Сутки делились на полосы рассветов и сумерек, полдней и полуночей, но все часы стали казаться одинаковыми, наполненные небывалым у Пастухова томлением, которое он назвал спором души с телом. Он ждал конца и уже не мог бы точно ответить, сколько прошло времени в ожидании, когда однажды за дверью вдруг поднялся шум.
Он был сначала непонятен – гулкий, перекатывающийся по коридорам, перебиваемый стуками и лязгом нарастающий шум. Но ещё до того момента, как распахнулась дверь, в камере кто-то ликующе и безумно закричал:
– Красные!..
Повскакали все с нар и с пола, и даже для этих привыкших к тесноте людей давка сделалась невыносимой, когда, не щадя друг друга, они стали рваться к выходу. Кулаки били в дверь, в откинутые к стенам нары, крики в камере заглушали всеобщий шум тюрьмы, и нетерпение обновило лица узников проснувшейся волей к действию.
– Открыва-ай! Свои-и, – вопила камера, и все больше, больше голосов вступало в этот вопль, все исступлённее громыхали кулаки, пока на месте двери не появился свет, в нём не сверкнули иглы штыков, под ними не колыхнулись фуражки с красными звёздами.
Шум сразу упал. Потому что все замерли, не веря своим глазам, стало на мгновенье будто просторнее, и в это мгновенье Пастухов услышал молодой голос:
– Которые сидят через мамонтовцев – выходи!
Снова зашумели и опять начали давить друг друга, и Пастухов протискивался вперёд, бессознательно работая всеми мышцами, давя собою тех, кто давил его.
Где-то внизу, в коридоре, его поставили в очередь, и он не помнил, как добрался до стола, за которым сидели, разбирая бумаги, красноармейцы. Его спросили:
– Вы кем, гражданин, будете?
(Как ни был выпачкан и смят на Пастухове костюм – вид его бросался в глаза.) Он ответил:
– Театральный работник.
– А! Театр! – весело посмотрели на него из-за стола, и дали ему какой-то квиток, и сказали: – Ну, выходите.
Он шёл по двору с квитком в руке, оглядываясь на тех, кого вместе с ним выпускали на волю, и лица спутников казались ему глупыми от счастья, и он чувствовал, что его лицо тоже глупо и счастливо, и его бесконечно волновало, что это так.
У ворот его задержали.
Красноармейский конвой вводил во двор арестованных. В первом ряду тяжеловесно выступал старик, нервно почёсывая в седой растрёпанной бороде. Он глянул на Пастухова голубыми, словно извиняющимися глазами, и Пастухов узнал в нём главу депутации к генералу Мамонтову.

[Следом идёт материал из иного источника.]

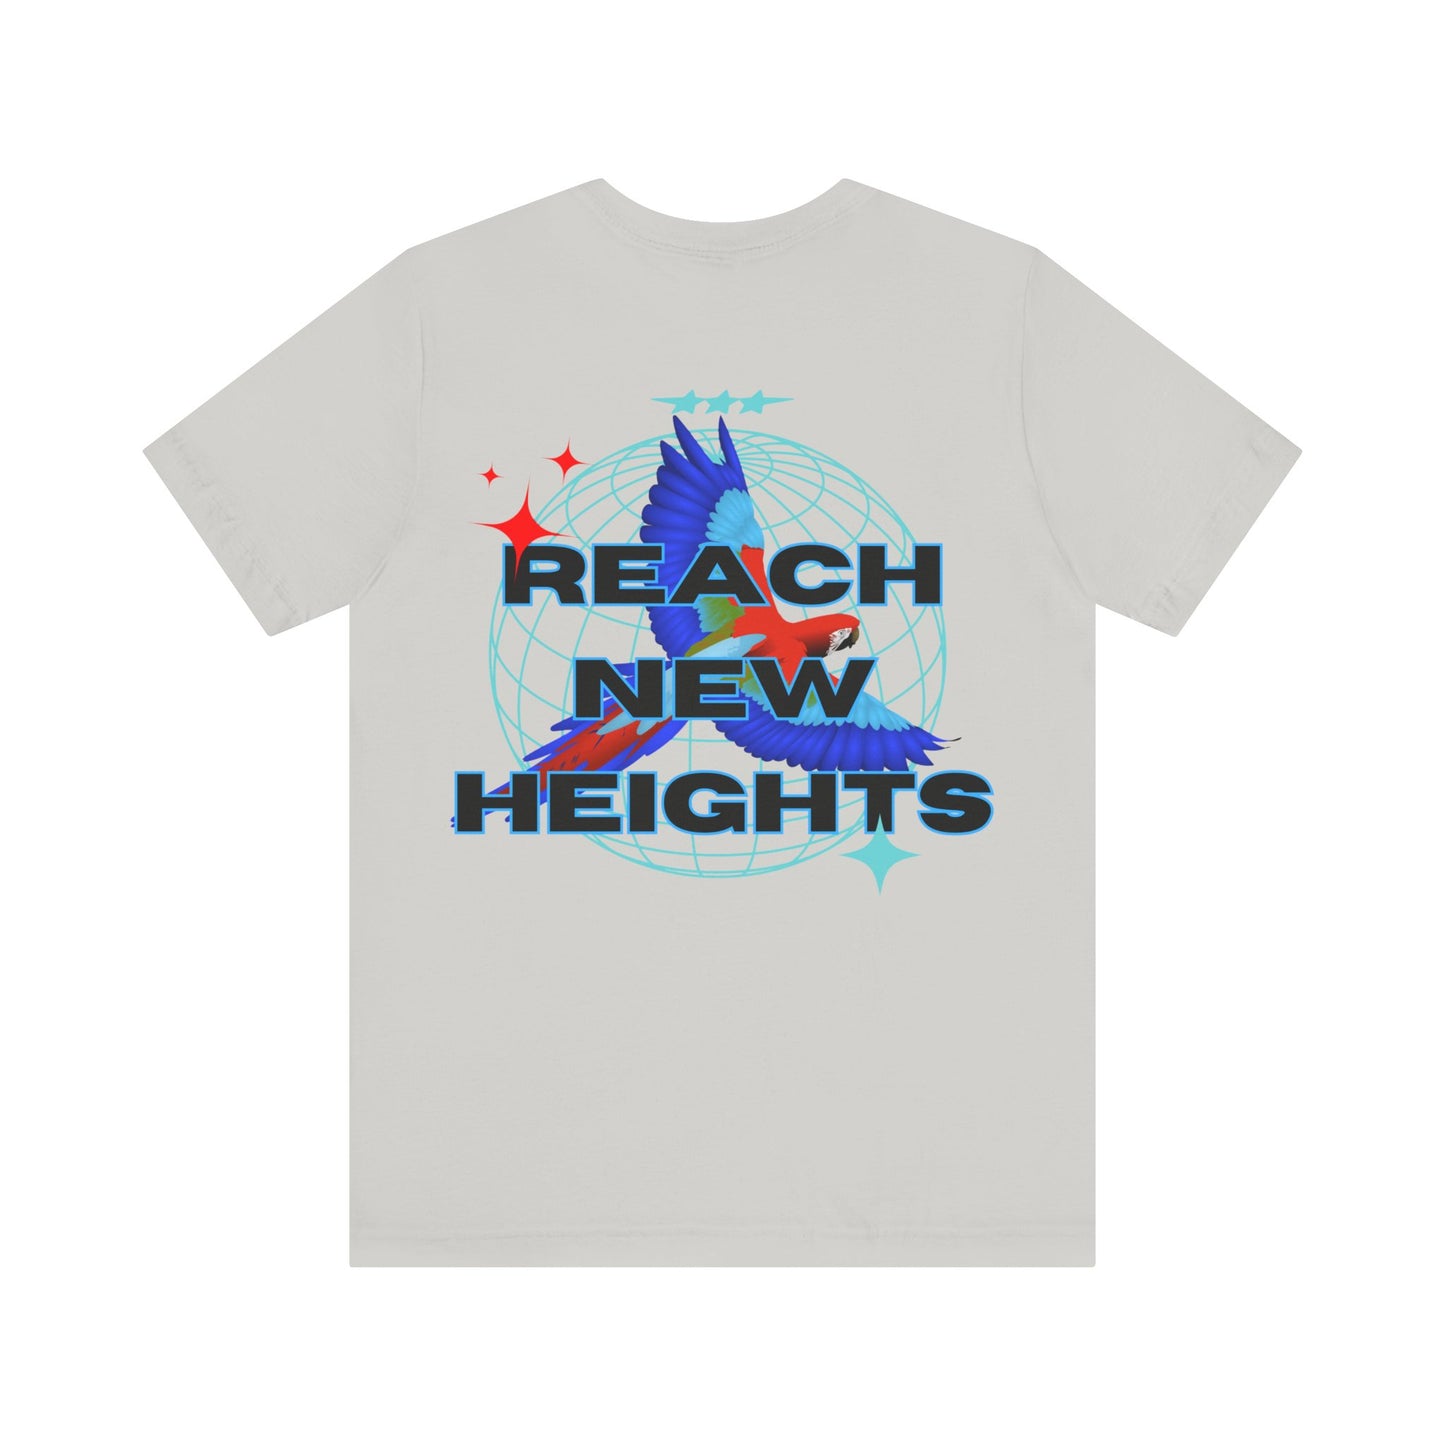 "REACH NEW HEIGHTS" Graphic T-Shirt
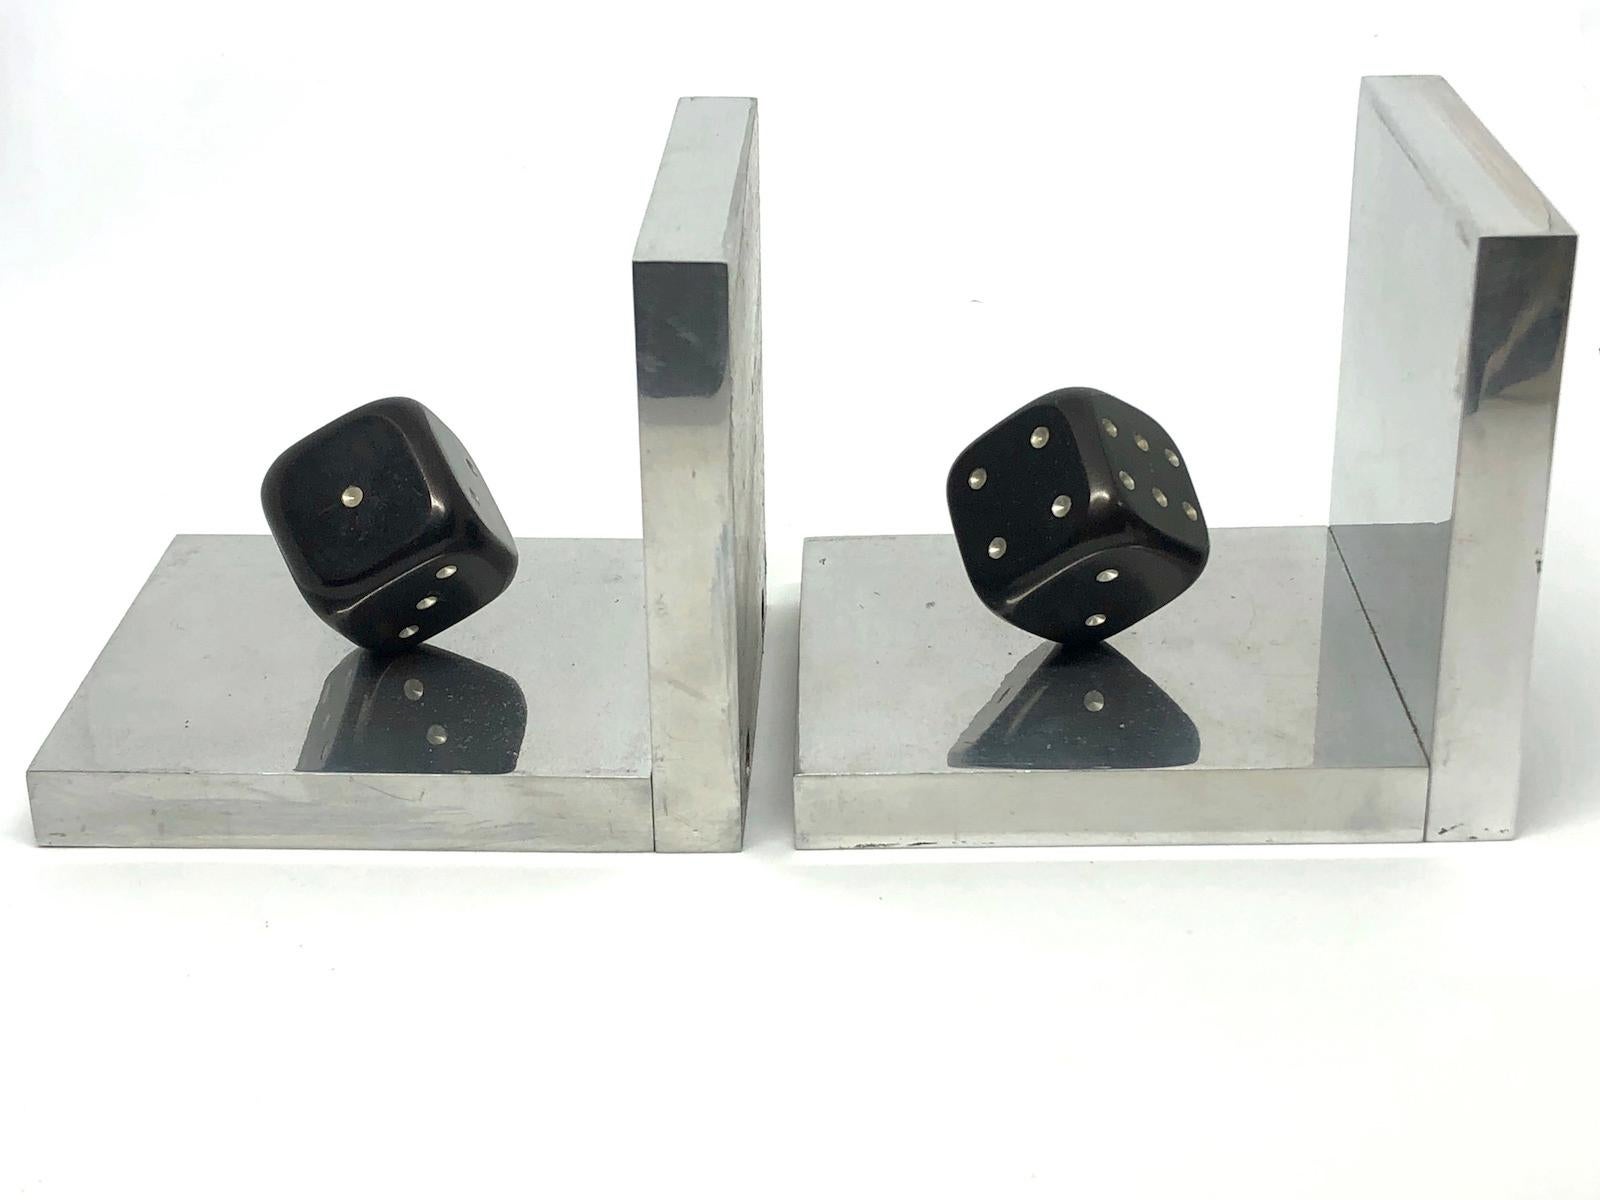 Mid-20th Century Pair of Art Deco Dice Bookends Black and Chrome Vintage German

На одну секунду сознание как будто сделало курбет. Пастухов подумал, что сейчас сойдёт с ума. Но вслед за этой секундой у него потребовали квиток, он отдал его, вышел за ворота на улицу, поднял взгляд, увидел безбрежную лёгкость неба и не совсем прочными ногами, но с удивительным вкусом к ходьбе зашагал по мостовой.
На перекрёстке дорог он увидел женщину и мужчину, сосредоточенно мастеривших что-то молотком у оконной рамы ларька. Он остановился, чтобы справиться со слабостью в коленях, и заглянул через разбитое окно в ларёк. Там было пусто, но на подоконнике стояли в ряд стеклянные баночки с залитыми сургучом горлышками. У Пастухова приятно кружилась голова, и он испытывал потребность радушного общения и шутки.
– Чем торгуете? – спросил он.
Женщина посмотрела на него, ничего не говоря, мужчина продолжал орудовать молотком.
Пастухов взял с подоконника баночку, прочитал: «Подливка из хрена на уксусе». Он ухмыльнулся и стал разбирать на этикетке незнакомое слово, напечатанное русскими буквами. Ему очень хотелось сострить, но мозг его будто упивался бездеятельной счастливой своей пустотой. Наконец он что-то разобрал на этикетке, сказал:
– Правда ведь! Как было прежде длинно – говоришь, говоришь: тамбовский… губернский… потребительский… А теперь – одним духом (он прочитал по складам) Тамгубпотребкоопартинсоюз. И все!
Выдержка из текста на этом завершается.